If you check our GPU benchmarks hierarchy, you'll see that the RTX 2060 performs a few percent faster than the RTX 3050 — and that applies to ray tracing games as well as rasterized games. That's largely thanks to its having a 192-bit memory interface and 336 GB/s of bandwidth, compared to a 128-bit interface and just 224 GB/s on the 3050.
It's not as fast as AMD's RX 6600 in rasterization games, though it does rank ahead of it for DXR (DirectX Raytracing) performance. Now that the RX 6600 $189 deal is gone, this is about as good as it gets for a "budget" GPU, and it will easily beat cards like the RX 6500 XT, GTX 1650, or Arc A380.
The RTX 2060 has had an interesting run of late. After EVGA announced it was exiting the GPU market, we saw the RTX 2060 drop down to $219 for a short time. Since then, prices have climbed back into the upper $200s, but for a time the RTX 2060 was the best value on an Nvidia GPU. It can now stake that claim again, as it's about $75 less than the RTX 3050 it still outperforms, and matches the lowest current price on an GTX 1660 — the GDDR5 non-Super model.

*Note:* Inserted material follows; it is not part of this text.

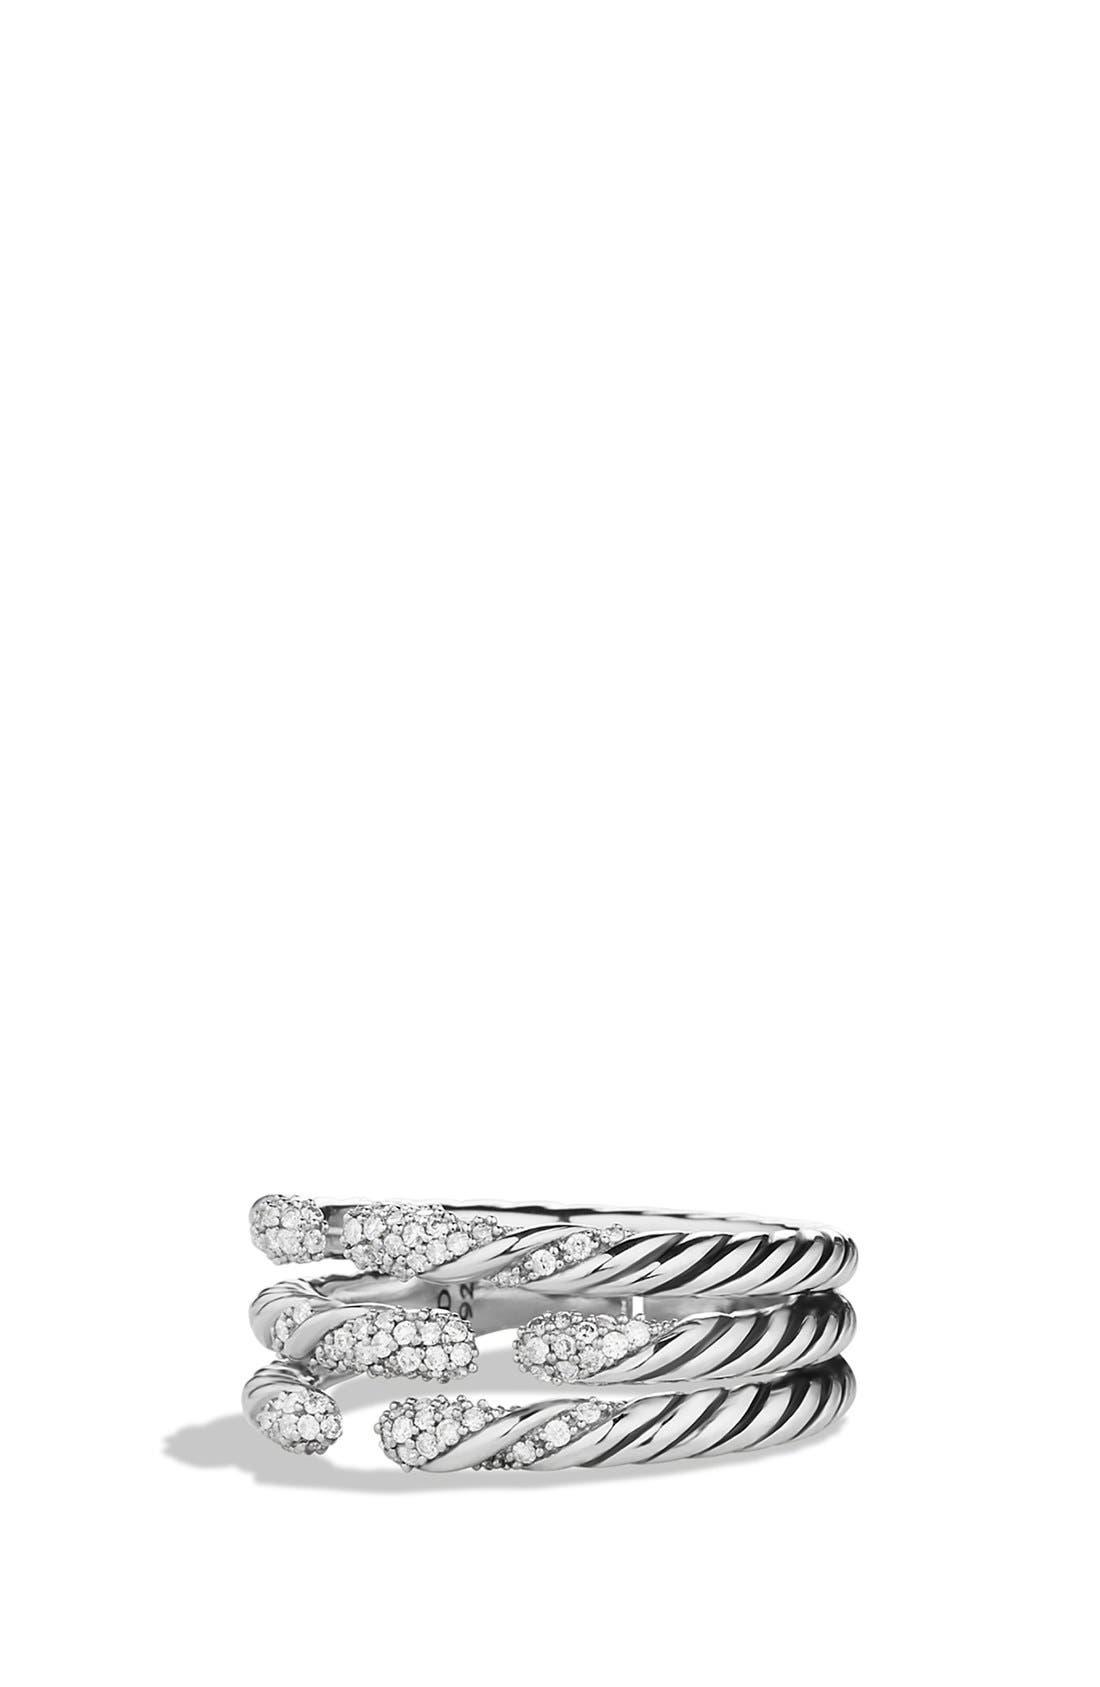 Alternate Image 1 Selected - David Yurman 'Willow' Three-Row Ring with Diamonds

Turing has been out since 2018, and the RTX 2060 originally launched in early 2019. Four years later, we'd normally expect supply to be long gone, but the GPU shortages of the past two years have kept it in production. With cryptocurrency mining (on GPUs) now effectively dead for the time being, this should finally represent the end of the line for the venerable TU106 GPUs and the Turing Architecture.